Anxiety Disorders and Effective Treatment
We all feel anxious from time to time, especially when we’re faced with stressful situations like tight work deadlines or important social commitments. This kind of mild anxiety can even be helpful, sharpening our focus and helping us succeed.
However, people who experience intense bouts of fear and enduring anxiety may be dealing with an anxiety disorder. The frequency and severity of this anxiety can be overwhelming, affecting daily functioning. The good news is that the majority of people with anxiety disorders can experience significant improvement with effective psychological treatment.
Key Types of Anxiety Disorders
Different types of anxiety disorders each come with their own unique features.
- Individuals with Generalized Anxiety Disorder (GAD) have recurring fears or worries, such as concerns about health or finances. They often feel as though something bad is about to happen, even if there is no apparent reason for these intense feelings of anxiety. These fears and worries are very real to the individual and often distract them from daily tasks.
- Panic Disorder involves sudden, intense, and unprovoked feelings of terror and dread. People who suffer from this disorder generally develop strong fears about when and where their next panic attack will occur, often limiting their activities as a result of this fear.
- Related disorders include specific phobias, which are intense fears concerning certain objects or situations. For example, specific phobias might involve things like encountering certain animals or flying in an airplane. Social phobias, on the other hand, involve fears of social settings or being in public spaces.
Understanding Anxiety Disorders
Anxiety disorders, like Obsessive-Compulsive Disorder (OCD), are marked by persistent, uncontrollable, and unwelcome emotions or thoughts (obsessions), alongside routines or rituals (compulsions) that individuals engage in to try to prevent or relieve these thoughts. Common compulsions include repeated hand-washing or excessive cleanliness due to fear of germs, or repeatedly checking tasks for possible mistakes (e.g., ensuring that the car is locked). Someone who has suffered severe physical or emotional trauma—such as from a natural disaster, serious accident, or crime—might develop Post-Traumatic Stress Disorder (PTSD). In this disorder, thoughts, feelings, and behavioral patterns are severely affected by memories of the event, sometimes months or even years after the traumatic experience.
Symptoms
Symptoms like excessive fear, unexplained sweating, difficulty in breathing, rapid heartbeat, insomnia, nausea, shaking, and dizziness are common in anxiety disorders. Although an anxiety disorder can manifest at any age, onset is frequently observed in adolescence or early adulthood.
Why Seeking Therapy is Crucial
If left untreated, anxiety disorders can have serious repercussions. For instance, some people who suffer from recurring panic attacks avoid any situation they fear could trigger an attack. Such avoidant behavior can lead to multiple issues, ranging from simple clashes with work or family obligations to the complete avoidance of everyday activities, rendering the individual increasingly dysfunctional in handling everyday responsibilities. In extreme cases, this could lead to total social isolation.

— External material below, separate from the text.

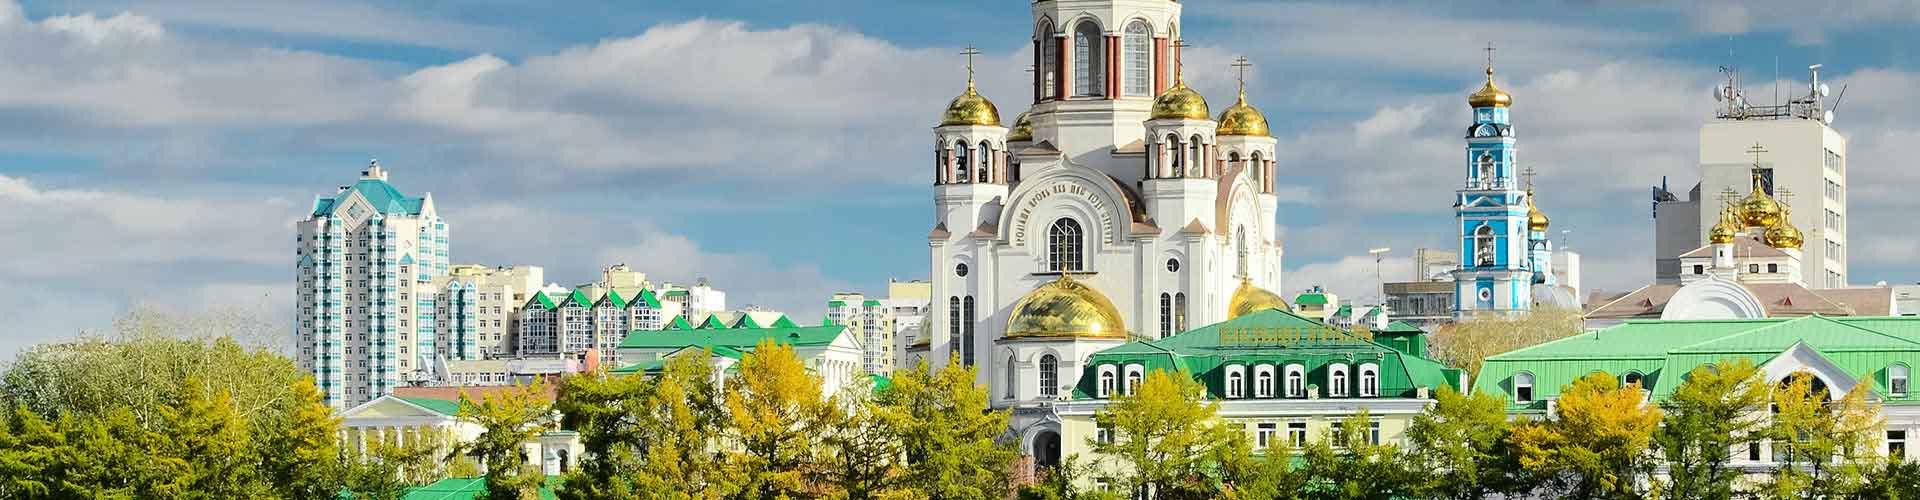 叶卡捷琳堡 – 叶卡捷琳堡的宾馆。叶卡捷琳堡地图,叶卡捷琳堡每间宾馆的照片和评价。

Will Psychotherapy Help Me? And How Much?
Absolutely. Most cases of anxiety disorders can be treated with significant success. Research indicates that a form of psychotherapy known as Cognitive Behavioral Therapy (CBT) is particularly effective in treating anxiety disorders. Psychologists use CBT—provided they are trained and certified in it—to help people identify and then manage the real factors contributing to their anxiety. Behavioral therapy involves using techniques to reduce or eliminate unwanted behavior linked to these disorders. For instance, one approach teaches patients deep relaxation and breathing techniques to neutralize the hyperactivation of bodily functions (like rapid, shallow breathing) that accompany some anxiety disorders.

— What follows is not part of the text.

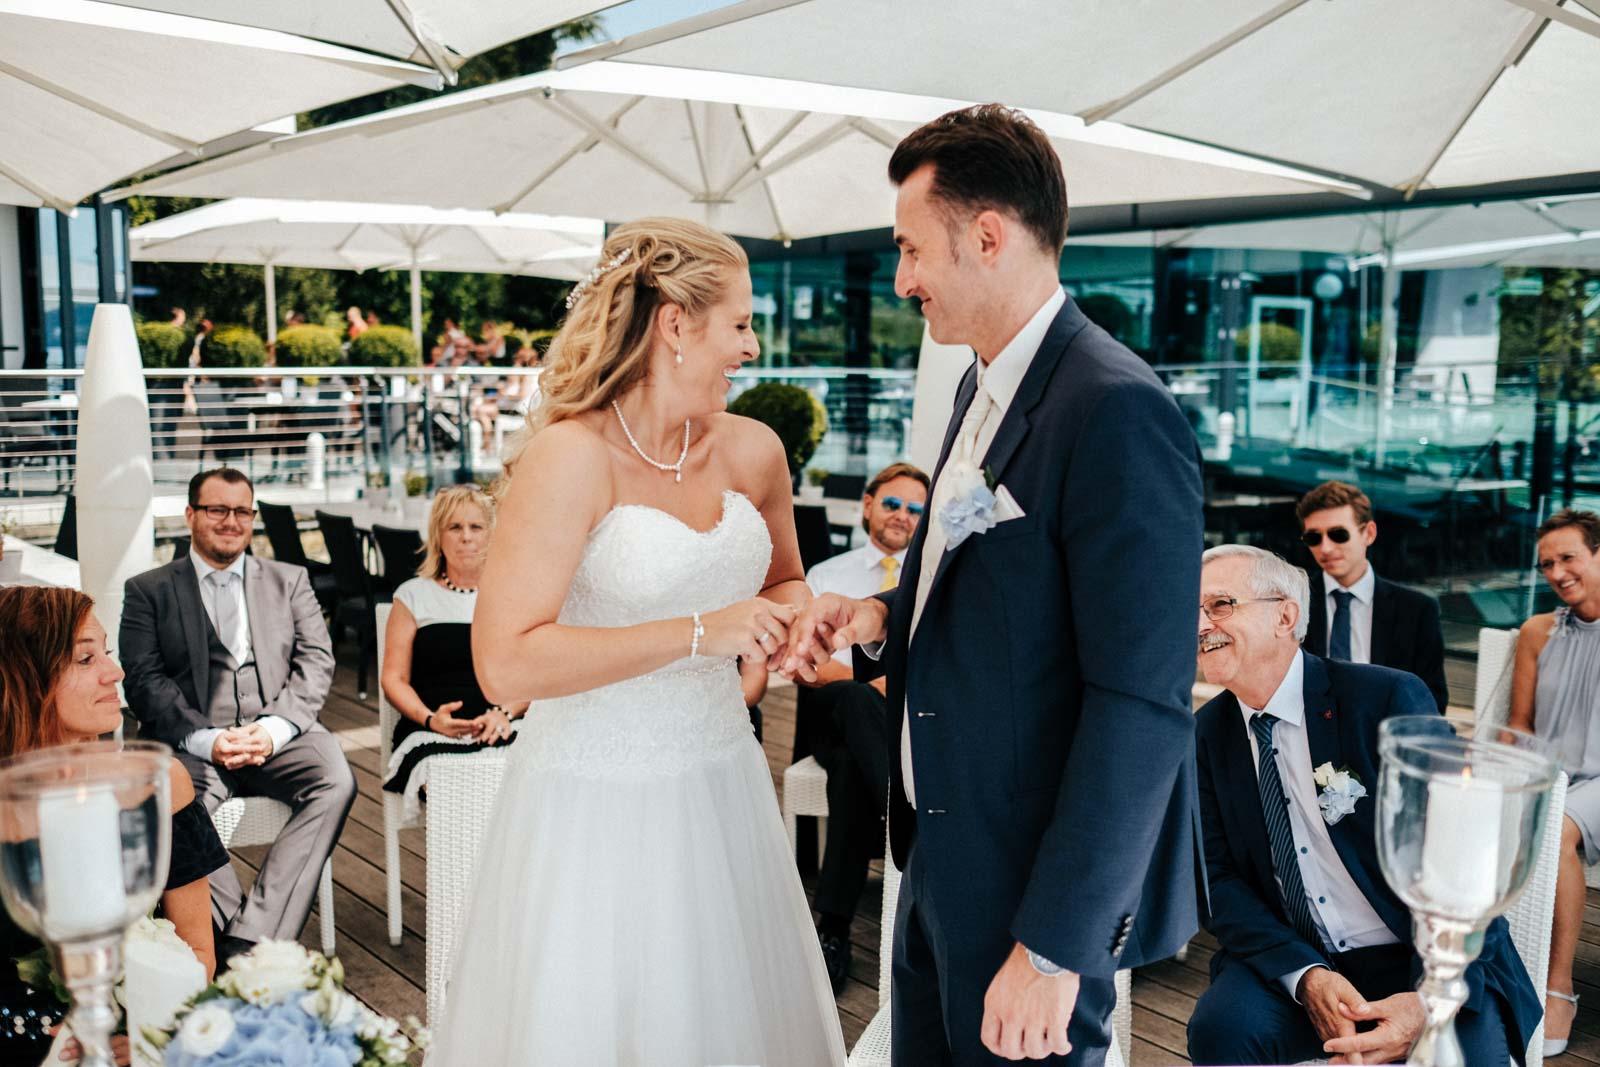 Impressive Lustige Hochzeitsbilder Reference Of Hochzeitsfotos

Through cognitive psychotherapy, patients learn to understand how their thoughts contribute to the symptoms of their anxiety disorders, and how they can change these thought patterns to reduce the severity and frequency of their reactions.
The Most Important Factor of All
Increased cognitive awareness in patients, combined with behavioral techniques, essentially educates the individual on the processes leading to heightened anxiety. The final result is that, within the controlled and safe environment of sessions with a psychologist, the patient becomes their own “psychologist.” They become fully capable of dealing with any future difficulties they may encounter.